Switzerland Adopts Extractive Sector Transparency Law, Opens Door To Improved Commodities Trading Transparency
19 June 2020
LONDON—The Swiss parliament today adopted a new law requiring Swiss extractive companies to disclose the payments they make to governments around the world. The law covers payments made for the right to explore for and extract oil, gas and minerals.
The new law is aligned with rules already in place in Canada, the European Union, Norway and the United Kingdom. Together these laws have led to the disclosure of over USD 900 billion in taxes, royalties and other payments made to governments worldwide since 2015. The United States also has an extractives payment transparency law in place but implementation has been beset by legislative and legal challenges for almost a decade.
The laws are designed to assist citizens in demanding that their governments use public funds to fight poverty and contribute to sustained economic growth, rather than lose crucial revenues to corruption or mismanagement. Investors also use the disclosures to manage risk.
Switzerland is a major commodities trading hub. The new law, part of a new package of wider reforms on Swiss company law, includes an important clause which delegates authority to the Federal Council, the country’s executive, to apply the new transparency provisions to Swiss commodity traders buying oil, gas and minerals abroad. The council can activate this part of the law as part of an international process by which authorities in other major trading hubs would make a similar move.
Joseph Williams, advocacy manager at NRGI said: “While Switzerland has opted not to include commodity trading payments directly in this new law, it has thrown down the gauntlet to other major trading hubs such as the Netherlands, Singapore, the United Kingdom and United States. Switzerland has sent an important signal today and it is time for international action to make the massive payments that traders make to governments open to citizen oversight.”
Williams continued: “There is no time to waste. With the economies of resource-rich countries under immense strain given the coronavirus pandemic, falling oil prices and the challenge of moving to a low-carbon future, transparent oversight of every dollar made from the extraction or sale of natural resources is crucial.”
Payments made by commodity traders like Vitol and Trafigura and the trading divisions of international oil companies like BP and Shell to government-controlled national oil companies (NOCs) are significant and can constitute a government’s largest revenue stream in countries like Angola, Iraq, Libya and Nigeria. Recent NRGI research into ten NOCs found that in 2018 oil and gas sales amounted to over 70 percent of these countries’ overall income, totaling over USD 860 billion.
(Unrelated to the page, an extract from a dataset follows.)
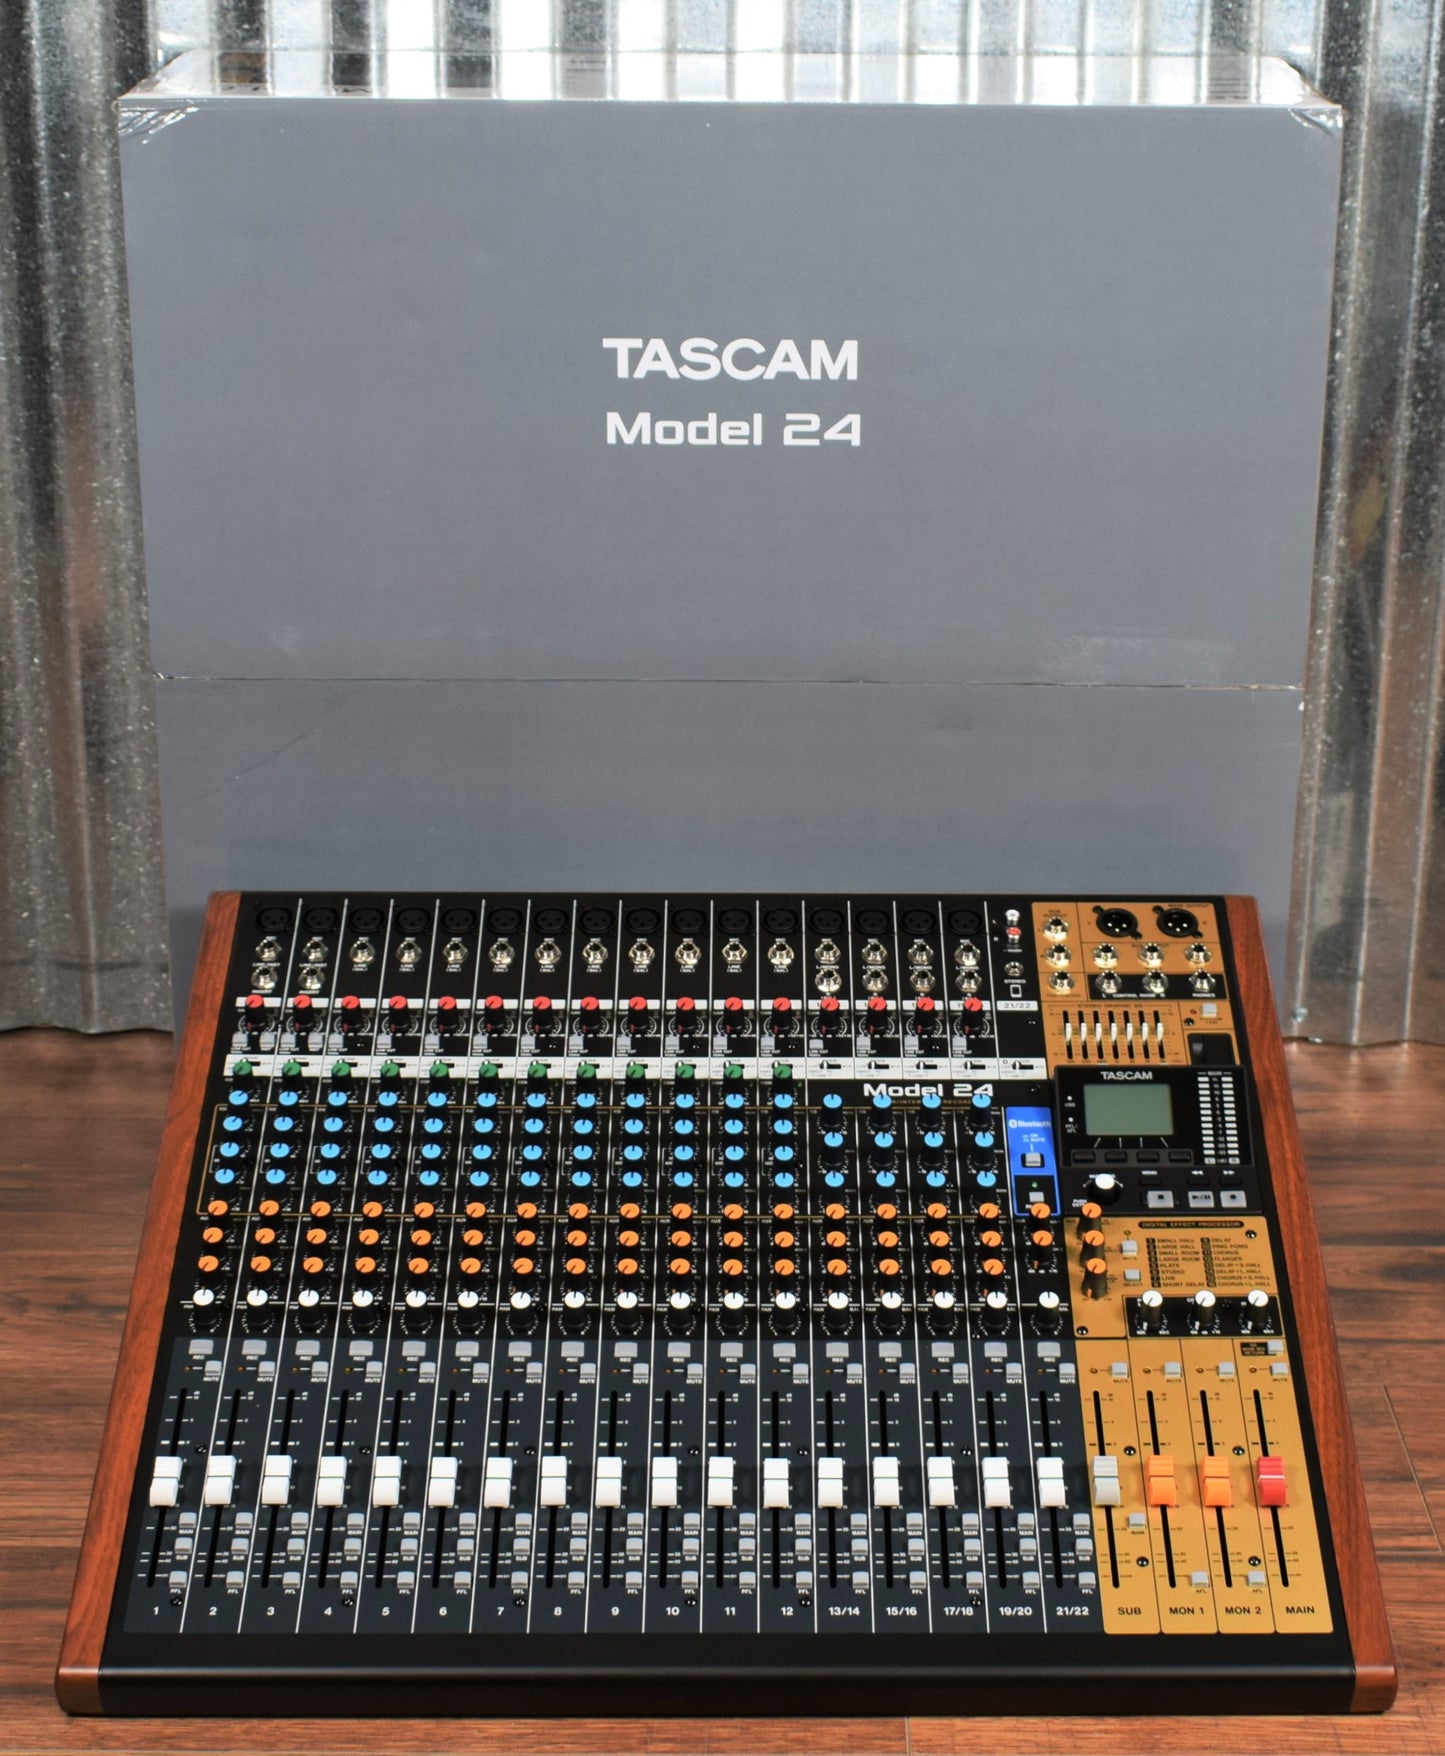 Tascam Model 24 Mixer USB Audio Interface Recorder Controller

At the same time, these transactions are subject to major corruption risks which can result in citizens being robbed of revenues. In 2019 it was reported that the U.S. Department of Justice was investigating an oil trader working for Brazil’s NOC, Petrobras, who has been charged in Brazil with “taking part in a corruption scheme involving commodity traders Vitol, Glencore and Trafigura.” Traders often also extend credit to resource-rich countries in return for oil, gas or minerals in the form of resource-backed loans. Some of these deals have been criticized and deserve greater scrutiny, particularly given the debt crises resource-dependent countries are suffering during the pandemic.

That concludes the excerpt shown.